The definition of LV activation pattern, localisation of earliest and latest LV activation sites, and measurement of total LV activation time (Tat) was based on previous studies.12,13,14 In brief, the earliest LV breakthrough site was defined as earliest location from which the propagation spread to the rest of LV consistently. The propagation pattern was determined by tracking back in time in the isopotential maps. Two distinct patterns of LV propagation were described previously.12 Homogenous propagation (type I) was defined as (1) no obvious change in propagation direction and (2) absence of line of block throughout the whole LV activation process (fig 1A). Conduction block pattern (type II) was defined as the presence of obvious change in propagation direction (also known as U shaped activation13) and the wavefront split and turned around the line of block in the isopotential map (fig 1B).12,13,17 The region or line of conduction block, apart from propagation pattern observed in the isopotential maps, was also characterised by morphological features—namely, detection of split potential, gradual emergence of R wave followed by smooth and steep downstroke in the virtual unipolar electrograms across the region, as shown in fig 1C.13 The Tat was defined as the time measured from the sites of earliest to the latest activation, at the location with peak negative amplitude for the associated virtual unipolar electrograms. The transeptal activation time was defined as the time difference between the onset of QRS complex on the surface ECG and the earliest LV breakthrough sites detected by non‐contact mapping. The estimated transmural activation time was measured from the latest activated sites to the end of the QRS complex.13 The electrophysiologist responsible for the analysis of the mapping results was blinded to the demographic and echocardiographic data.

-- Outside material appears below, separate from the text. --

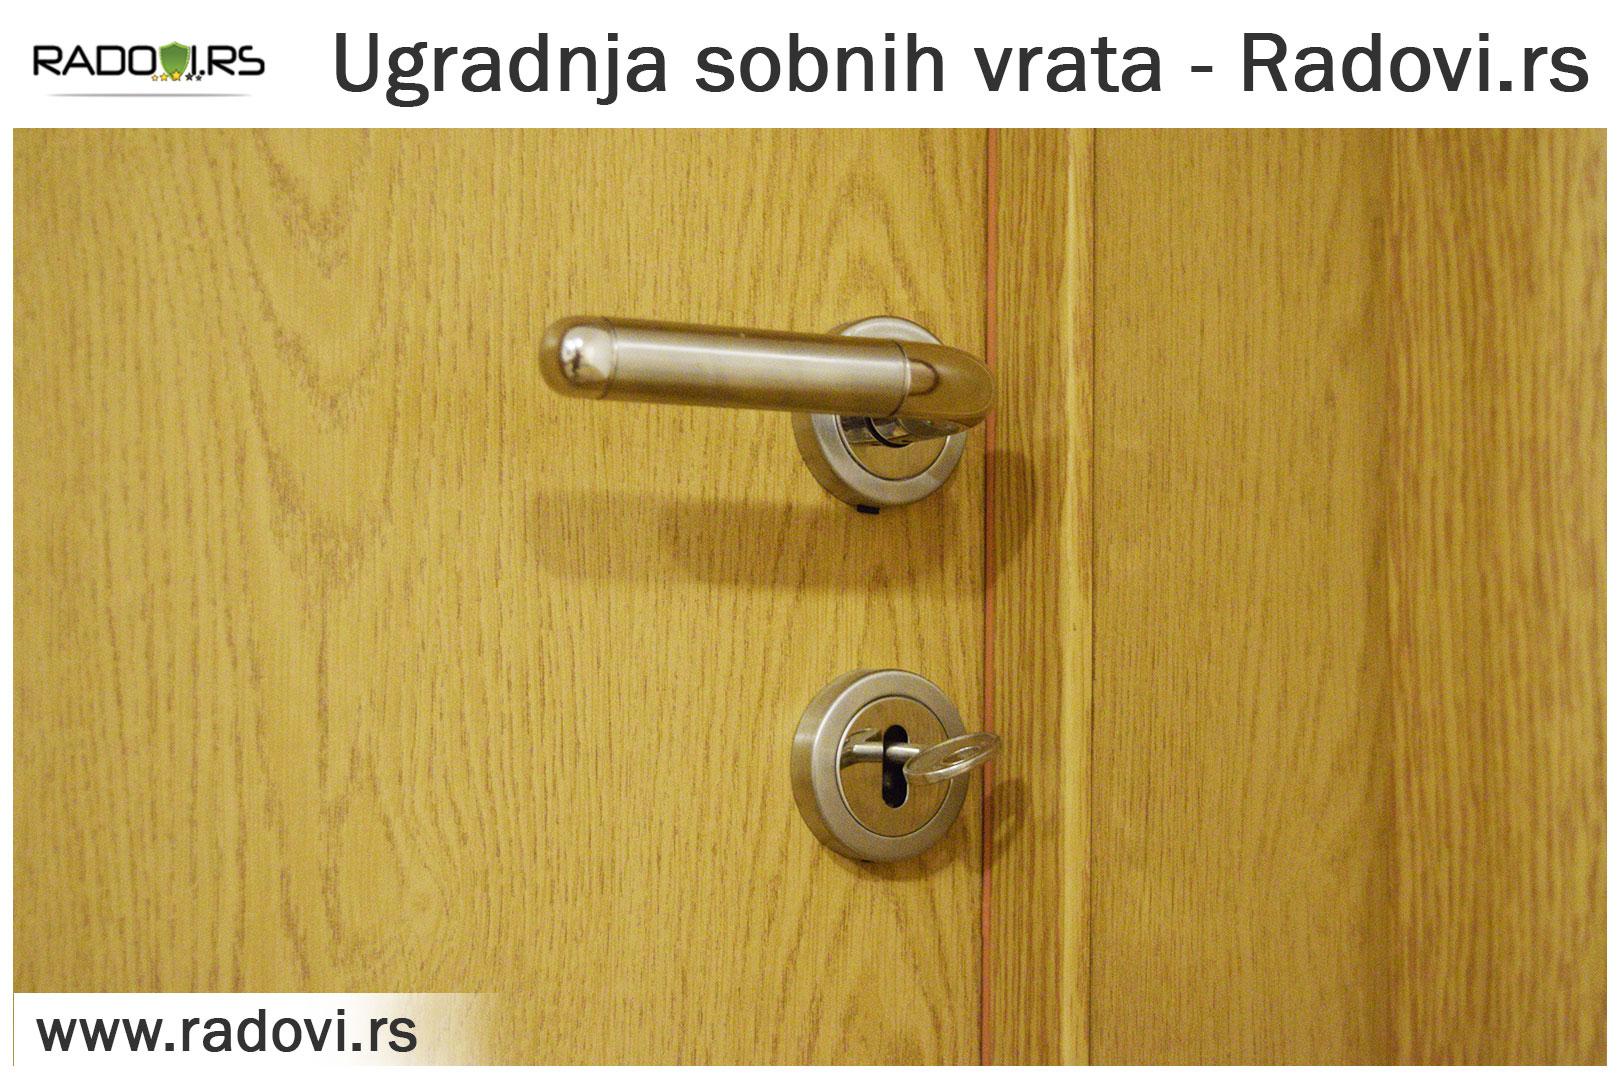 Ugradnja sobnih vrata - PVC stolarije Tim - Radovi.rs

Figure 1 Non‐contact left ventricular (LV) mapping showing the two types of endocardial activation patterns. (A) (from left to right) Sequence of isopotential maps in a patient with type I LV endocardial activation pattern starting from the onset of QRS complex. There was no acute change in propagation direction and no line of block detected throughout the whole LV activation process. Note the propagation of depolarisation wavefront across the anterior wall, which was different from that of type II. (B) (from left to right) Sequence of isopotential maps in a patient with type II LV endocardial activation pattern starting from the onset of QRS complex. Area of conduction block was noted over the anterior wall of LV. Propagation wavefront splits when encountering the area of block and merges over the lateral wall.13 (C) (right) The conduction block was confirmed by the characteristic virtual electrograms defined as split potentials, gradual emergence of R wave and steep downstroke, which were different from the (left) virtual electrogram over the similar area in the patients with type I activation.14
Statistical analysis
Statistical analysis was performed by SPSS V.11.0. Results were expressed as mean (standard deviation (SD)) unless otherwise specified. Comparisons between groups were performed by χ2 test, Fisher's exact test or Student's t test as appropriate. Clinical and echocardiographic parameters before and 3 months after CRT were compared by paired Student's t test in each group. Pearson's correlation analysis was performed between Tat and Ts‐SD/Ts‐diff. Life table‐estimated event‐free survival was calculated by Kaplan–Meier curves, wherein the log‐rank χ2 values were presented. A p value <0.05 was considered significant. All probabilities were two tailed.
Results
All patients had successful CRT implantation and uneventful non‐contact LV mapping. In all, 8 patients had type I, and 15 had type II LV endocardial activation pattern. Table 1 shows the baseline characteristics between patients with type I and II activation patterns. The proportion of patients with non‐ischaemic aetiology was higher in type II pattern, but it did not reach statistical significance. There were no significant differences in other baseline characteristics between patients with different activation patterns except that Ts‐SD and Ts‐diff were significantly longer in patients with type II activation pattern.
Table 1 Comparison of baseline characteristics between type I (absence of line of block) and type II (presence of line of block) conduction identified by non‐contact LV mapping .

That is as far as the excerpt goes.